Clearly an InChI syntax exists. But this just brings us back to the question I posed in my Twitter poll: where does the specification of the InChI syntax reside — in the source code of the InChI distribution or in the Technical manual? Which one is "the standard?"
That's really a question for the InChI team to answer. For now it's clear that rules of InChI syntax not only exist, but were deliberately designed from the outset. A more immediate question is: what are the syntax rules for InChI and how should that information be conveyed?
Informal Syntax Descriptions
For as long as people have been analyzing languages, they've tried to come up with ways to describe syntax.

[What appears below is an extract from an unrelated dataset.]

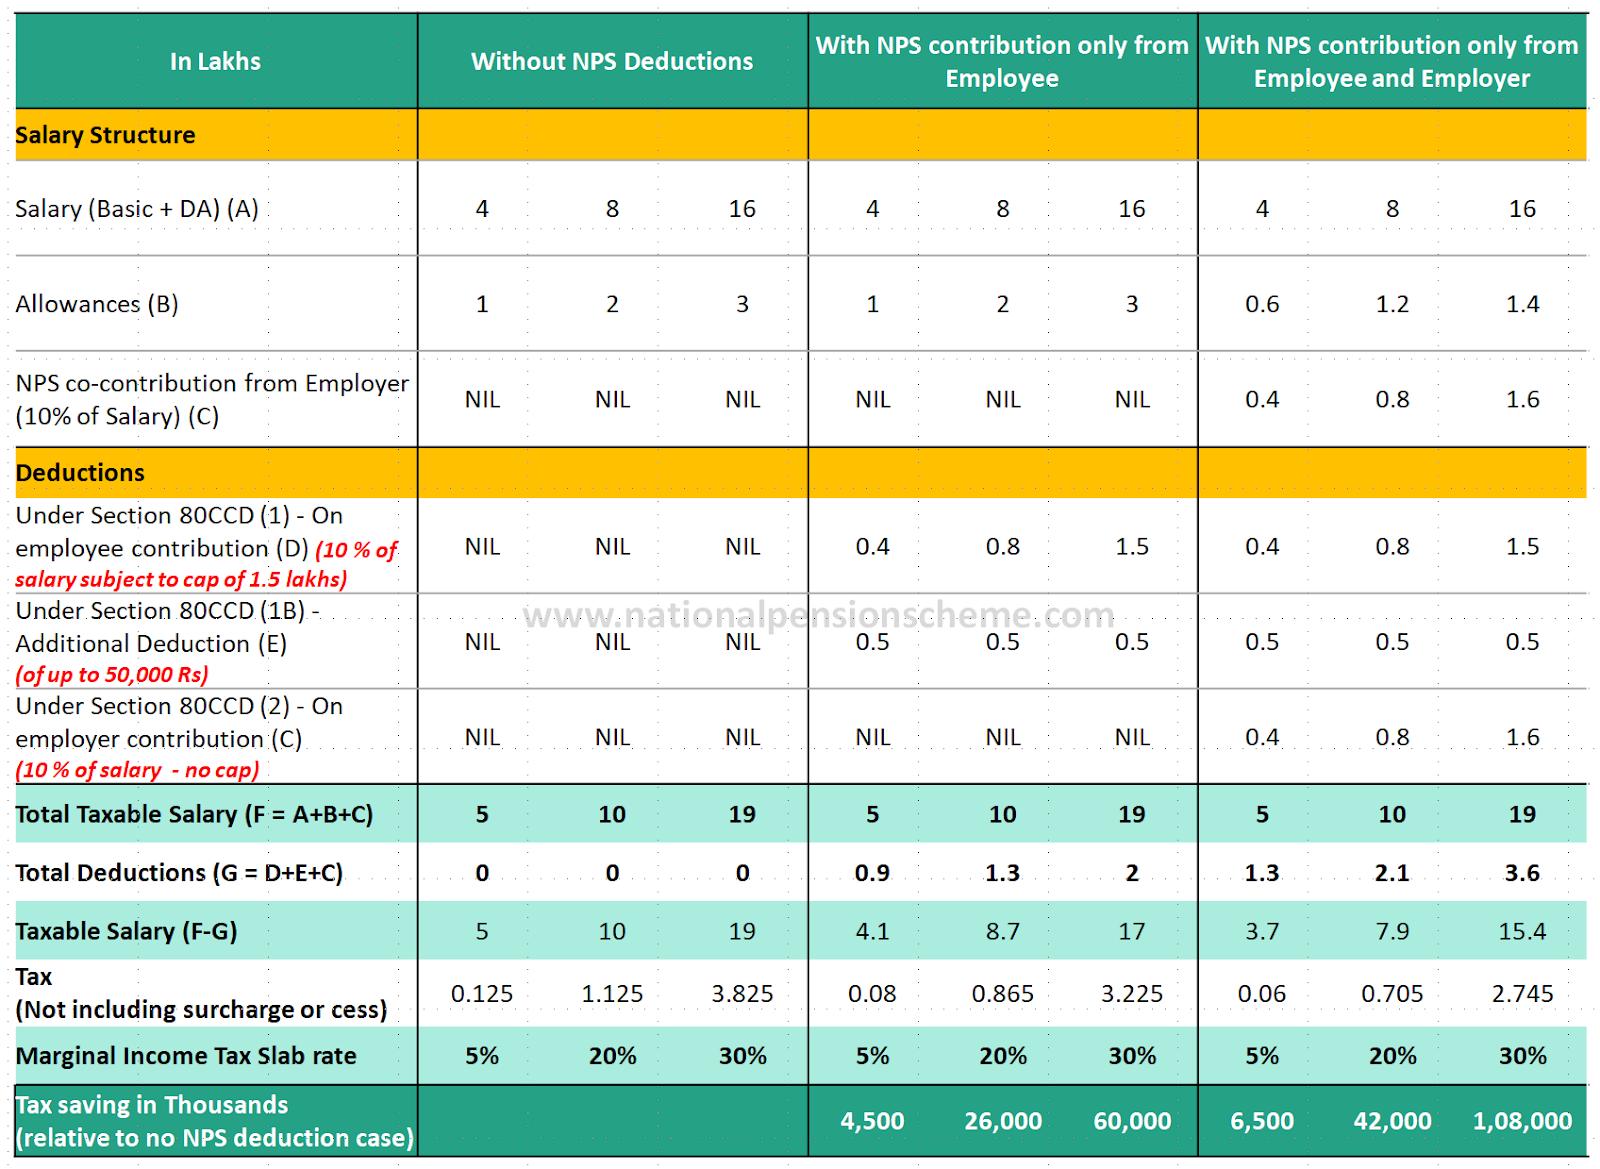 NPS Tax benefit illustration vs. no investment case

The InChI Technical Manual offers some examples of why spoken language descriptions (and graphics) often fall short when used to describe syntax:
- It's hard to write spoken languages both concisely and precisely.
- words often have ambiguous meanings.
- It's hard to keep all the context needed to parse a spoken language standard in your head at the same time.
- There's no automated way to transform a spoken language technical description into running code.
Fortunately, there is an answer to all of these problems when it comes to describing syntax: a formal grammar. A formal grammar, being a very limited form of expression, can be both concise and precise in describing syntax. As a result, ambiguities and contradictions are easy to spot. Because they're compact, formal grammars can be much easier to understand than freeform text and graphics. Finally, formal grammars can be machine-translated into running code that can parse and validate examples of the underlying language.
This blog has covered formal grammars from several angles. Here are some articles that show how to apply formal grammars to the SMILES language:
- SMILES Formal Grammar
- SMILES Formal Grammar Revisited
- Abstract Syntax Trees for SMILES
- Let's Build a SMILES Parser in Rust
InChI is both a chemical identifier and a chemical representation system. This dual nature can be both confusing and empowering. As an identifier, InChI enables fast exact structure lookup. As a representation, InChIs offers much more. The key to using InChI as a representation lies in understanding its syntax. What's lacking is a concise yet precise description of it. A future article will address this point.